The verifier's own boundary. The Verifiability Thesis's open question is whether a council of LLM judges holds "for genuinely contested value judgments, or only for quality/coherence." Character (warmth, wit) sits in the contested zone, not the coherence zone — so the judge is itself doing taste, recursively.

And the honest gap in the evidence: MSM demonstrates the method on the safety/values subset (oversight, honesty, no-ends-justify-means — measured via agentic-misalignment), not on the warm/lighthearted/witty personality subset. The live open question — "is the warm/curious personality also subject to spec-science optimization?" (Model Spec Science) — is exactly the part Cat says Amanda does well but "doesn't describe the technique" for (Evals as Product Spec). So we have a proven method for the verifiable core of "who Claude is," and a still-tacit craft for the aesthetic skin on top.

Why these evals are durable#

Most harness assets shrink as models improve (Harness Shrinkage as Models Improve).

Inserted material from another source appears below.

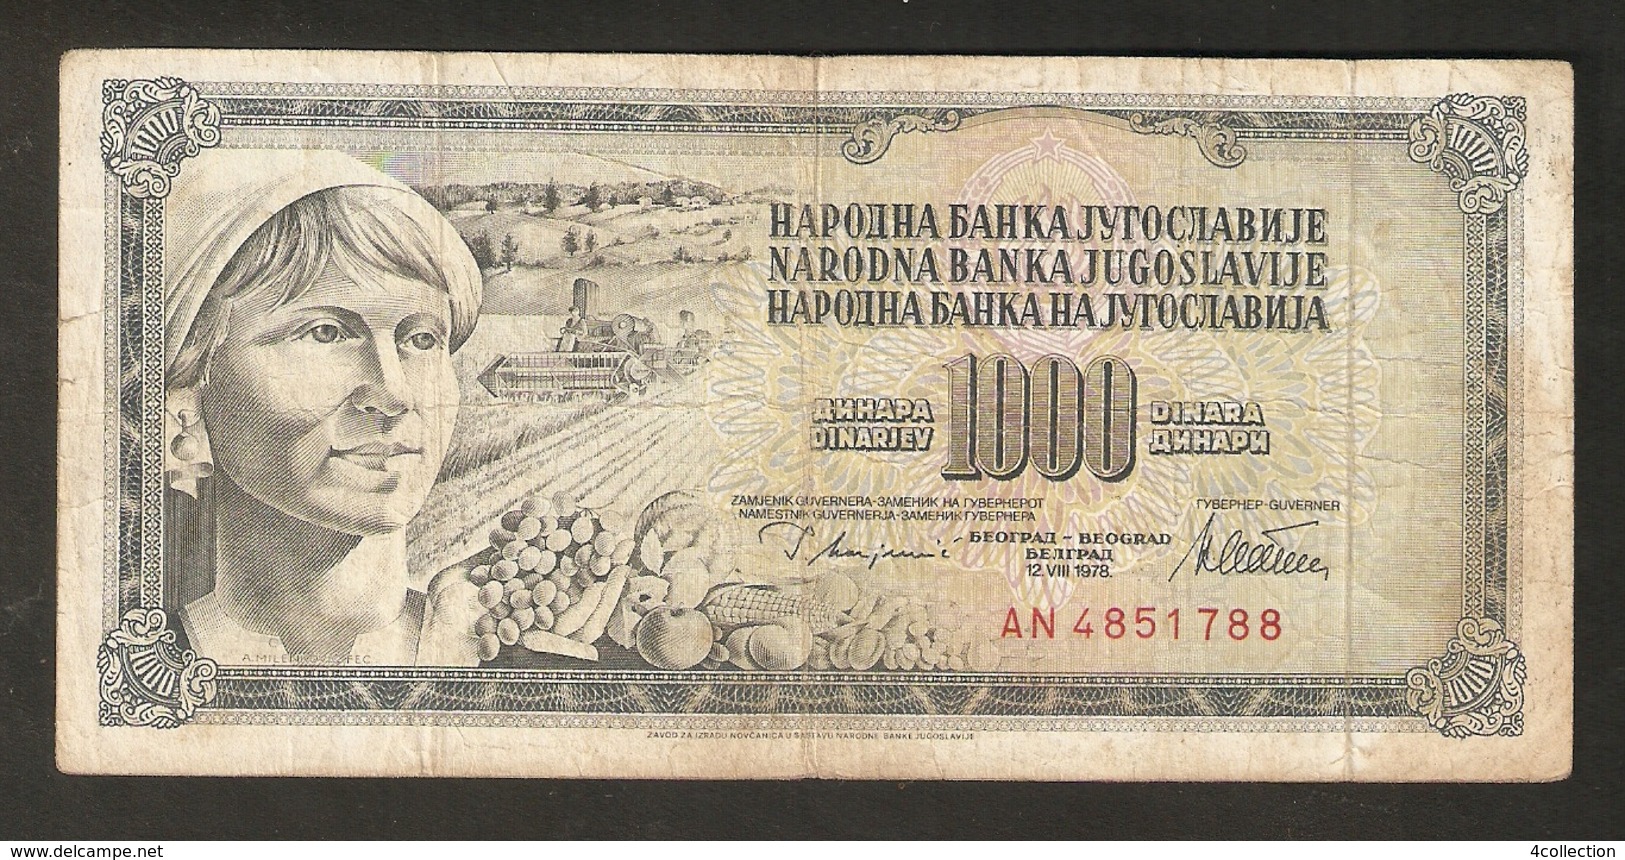 T. Yugoslavia Jugoslavije 1000 Dinara Dinarjev Beograd 12 VIII 1978 # AN 4851788 - Jugoslawien
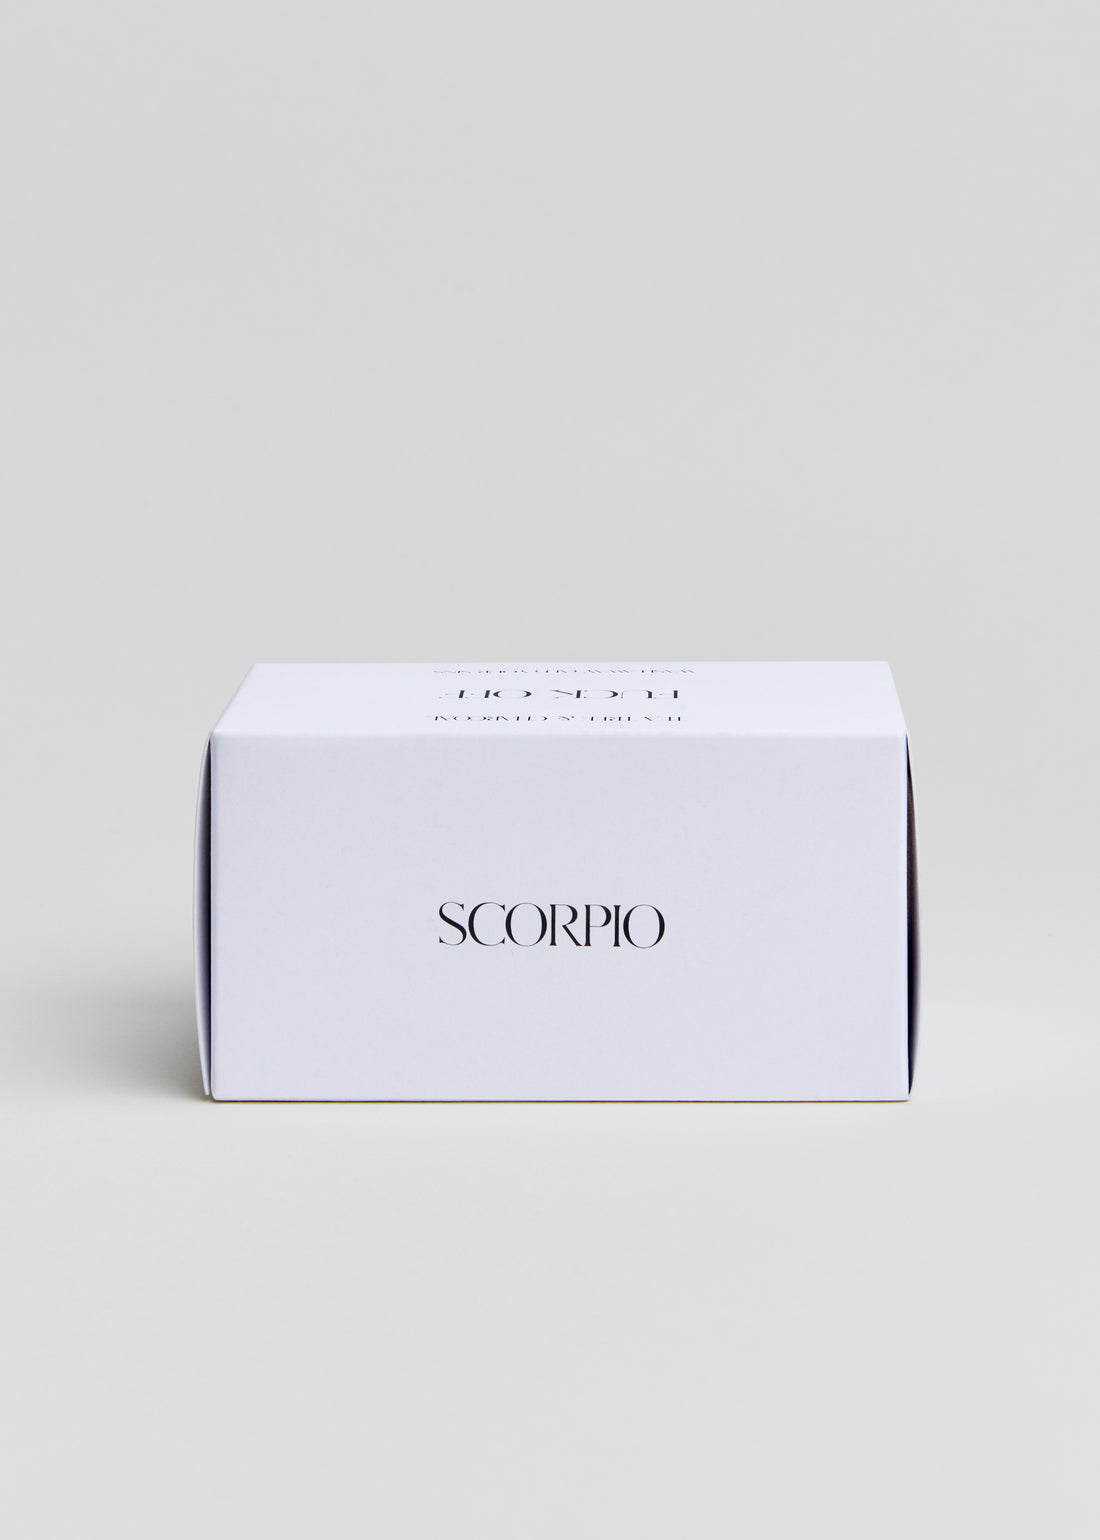 Scorpio Soap Bar

Character is the documented exception — "capability changes between models; character should be stable" (Claude Character as Product) — and evals don't shrink either, because they "encode what we want, which the model still has to be measured against even as the model gets stronger" (Evals as Product Spec). A taste eval is therefore one of the few artifacts that compounds: it is the regression guardrail that lets you preserve identity across capability jumps rather than rebuild it each release.

Bottom line#

You don't write an eval for taste; you run a pipeline. Conviction supplies the rubric, dogfooding + introspection supply the failure modes and narrow the data search, and the MSM variant-comparison method turns the rubric into a measurable, regression-proof artifact. The method is proven on the safety/values core of character and still tacit on the aesthetic surface — which is precisely why "good at evals for taste" remains a rare, named skill rather than a documented procedure.